ASSIGNED TASK ::
Output every line of the material exactly, omitting images.

RAW DATA ::
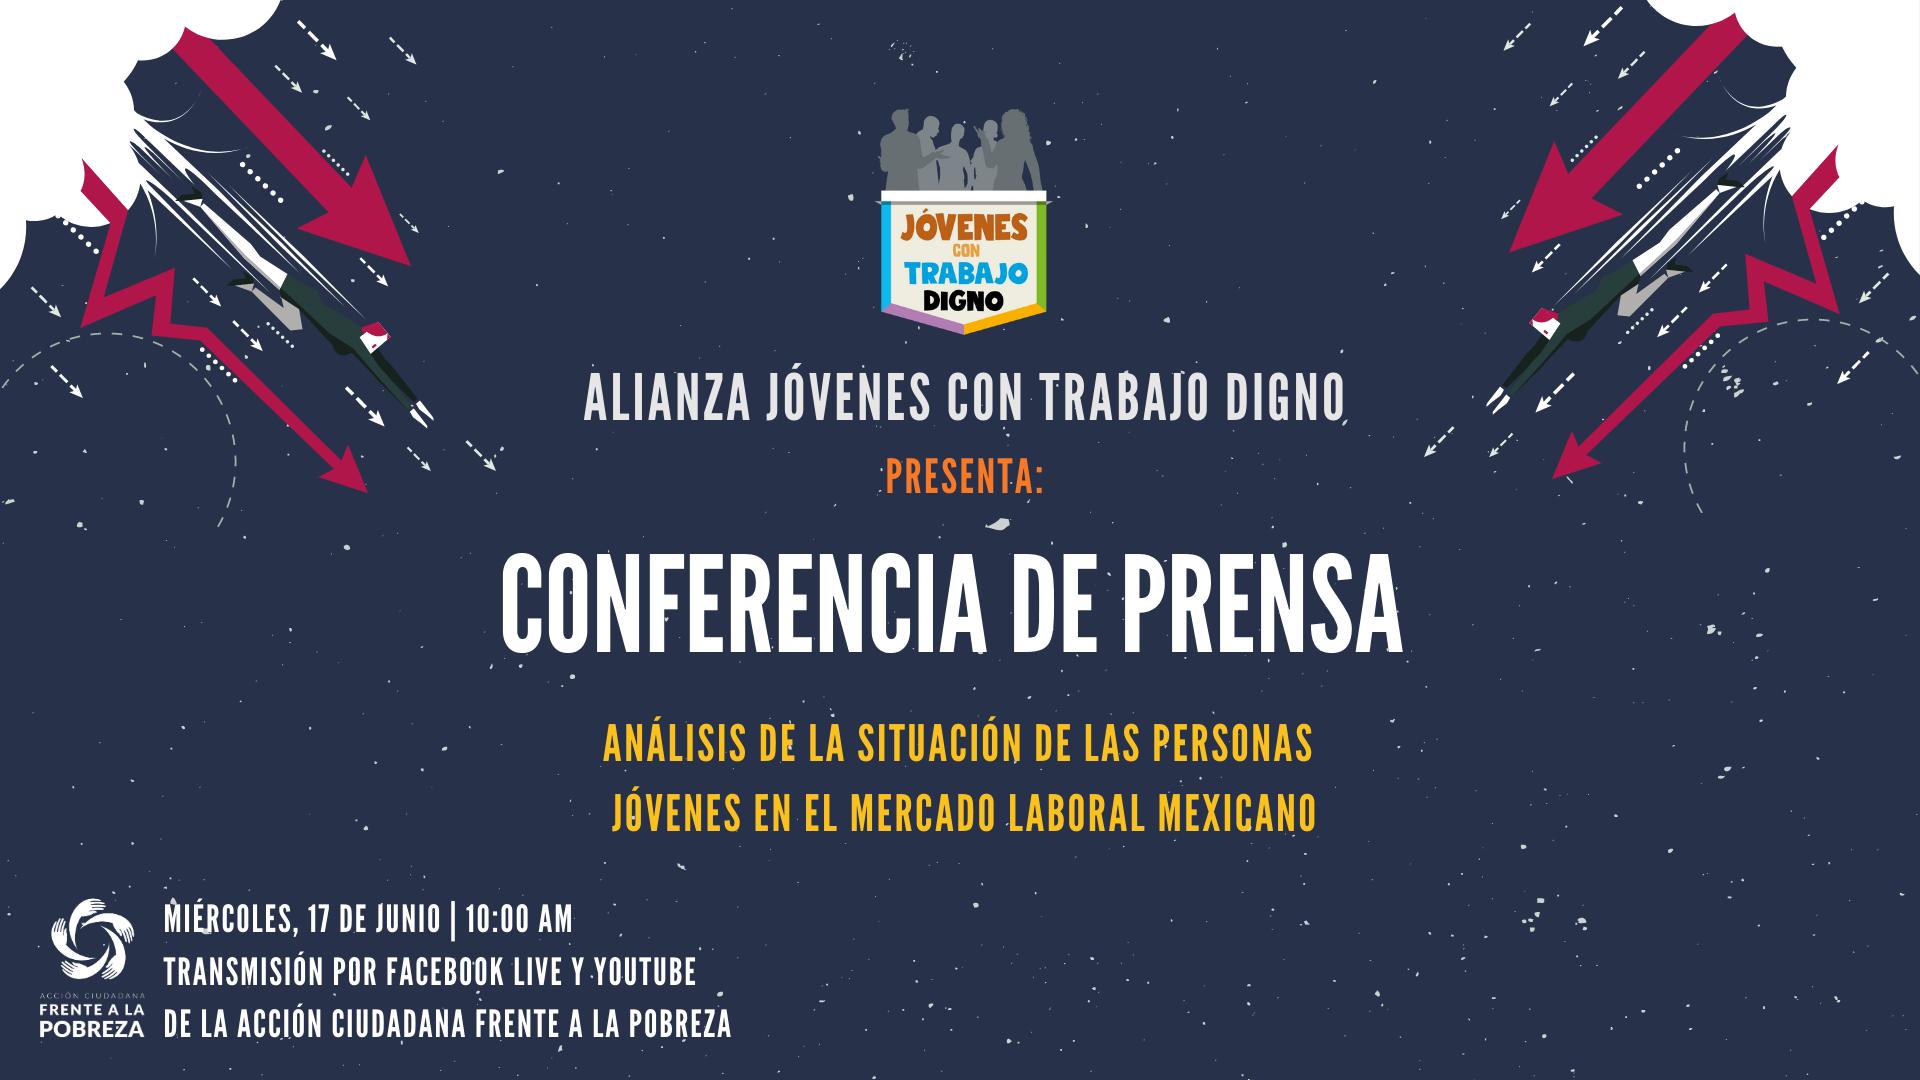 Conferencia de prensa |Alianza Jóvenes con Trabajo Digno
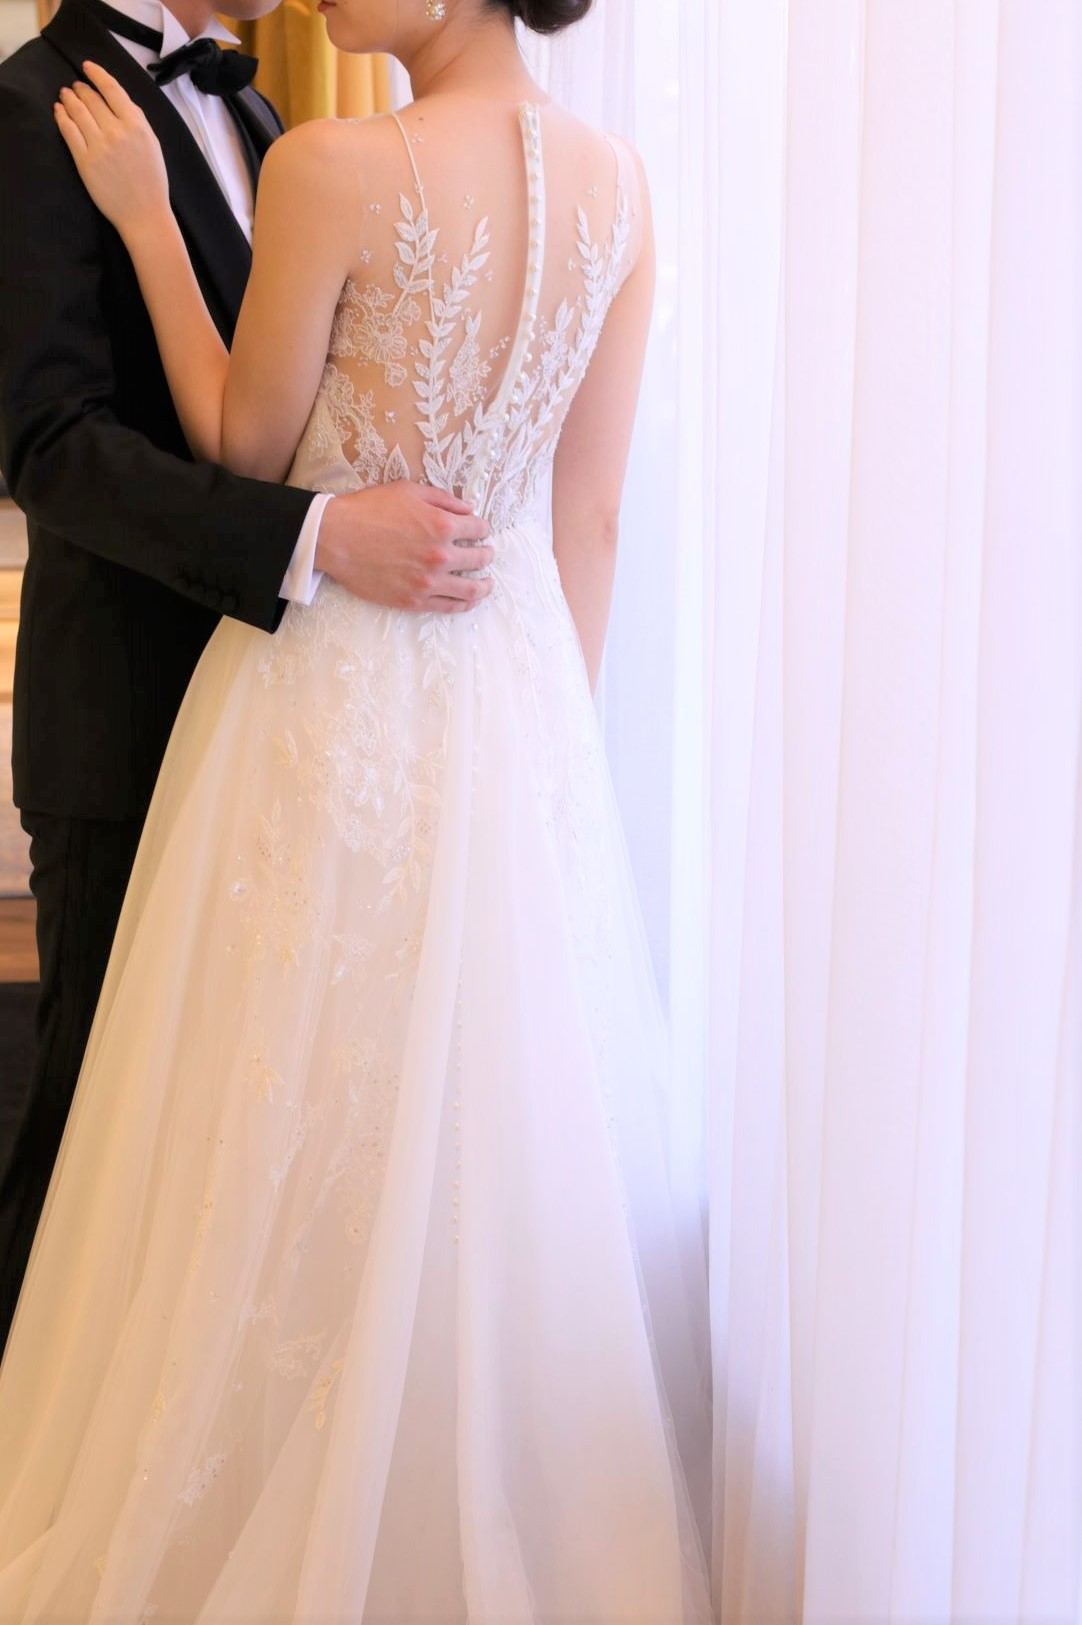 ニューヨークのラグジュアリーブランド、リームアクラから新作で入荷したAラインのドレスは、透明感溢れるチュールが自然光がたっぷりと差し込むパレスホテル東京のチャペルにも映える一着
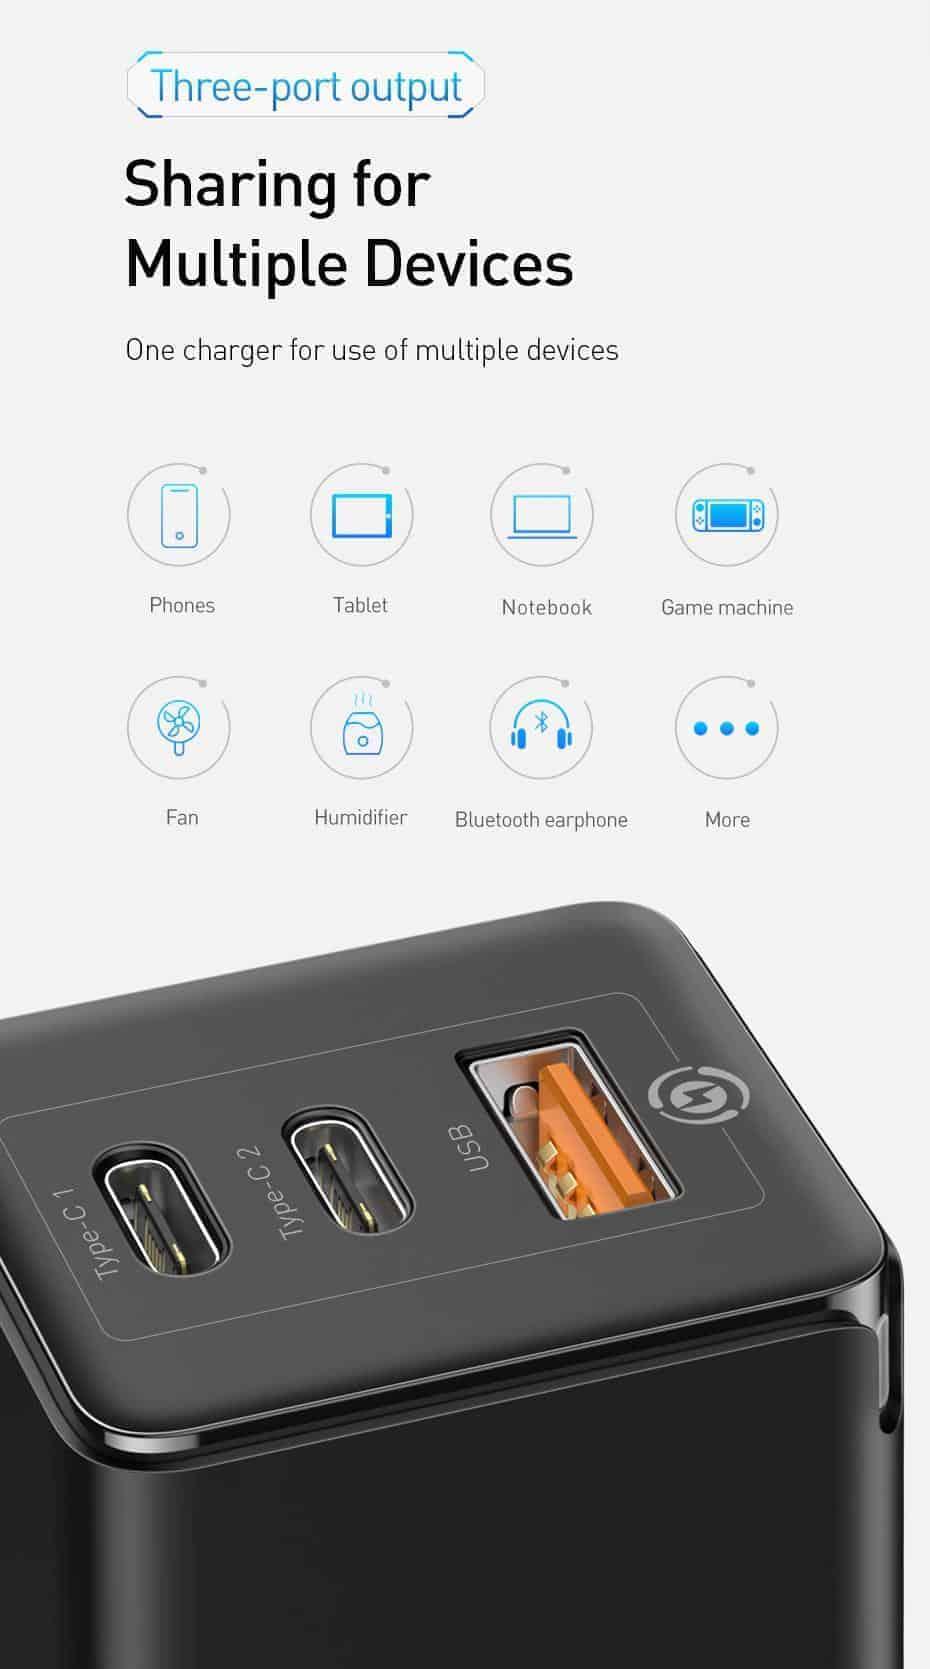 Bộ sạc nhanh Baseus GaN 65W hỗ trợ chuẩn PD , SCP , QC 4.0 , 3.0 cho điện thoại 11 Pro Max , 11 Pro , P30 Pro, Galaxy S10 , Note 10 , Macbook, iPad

THE ANSWER ::
 Conferencia de prensa |Alianza Jóvenes con Trabajo Digno
 ニューヨークのラグジュアリーブランド、リームアクラから新作で入荷したAラインのドレスは、透明感溢れるチュールが自然光がたっぷりと差し込むパレスホテル東京のチャペルにも映える一着
 Bộ sạc nhanh Baseus GaN 65W hỗ trợ chuẩn PD , SCP , QC 4.0 , 3.0 cho điện thoại 11 Pro Max , 11 Pro , P30 Pro, Galaxy S10 , Note 10 , Macbook, iPad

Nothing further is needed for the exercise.